Dataflow Runner RDBLoader step taking long


#1

Referencing this thread: Converting from emrEtlRunner to DataflowRunner example?

We currently have the pipeline set up with an EMR Cluster running a large master node and two xlarge runners. The shredder for avalanche load testing of 200k users runs after a 5 minute blast in 3 minutes, but the loader seems to take quite some time. What are the current best practices for configuring both the spark shredder job and the rdbloader? What are the points of tuning to focus on? Is getting data into RS under this type of load in <5 min latency achievable?


#2

Just for some context here are our configs for the pipeline:

collector.conf

# Copyright (c) 2013-2018 Snowplow Analytics Ltd.
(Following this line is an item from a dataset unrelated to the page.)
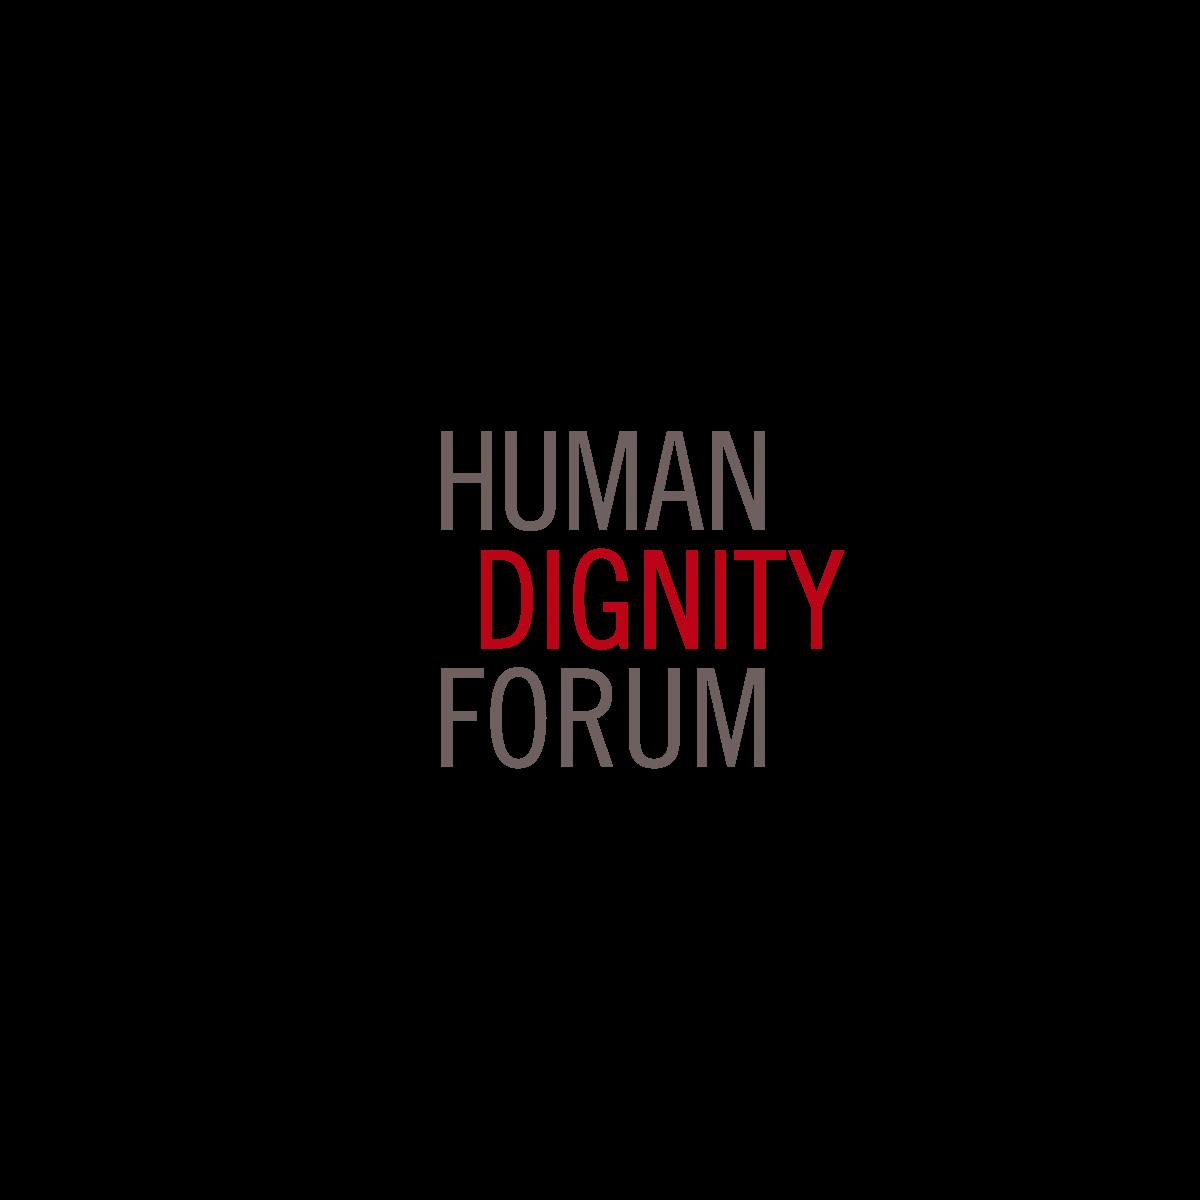 Human Dignity Forum Logo

All rights reserved.
#
# This program is licensed to you under the Apache License Version 2.0, and
# you may not use this file except in compliance with the Apache License
# Version 2.0.  You may obtain a copy of the Apache License Version 2.0 at
# http://www.apache.org/licenses/LICENSE-2.0.
#
# Unless required by applicable law or agreed to in writing, software
# distributed under the Apache License Version 2.0 is distributed on an "AS
# IS" BASIS, WITHOUT WARRANTIES OR CONDITIONS OF ANY KIND, either express or
# implied.  See the Apache License Version 2.0 for the specific language
# governing permissions and limitations there under.

# This file (application.conf.example) contains a template with
# configuration options for the Scala Stream Collector.
#
# To use, copy this to 'application.conf' and modify the configuration options.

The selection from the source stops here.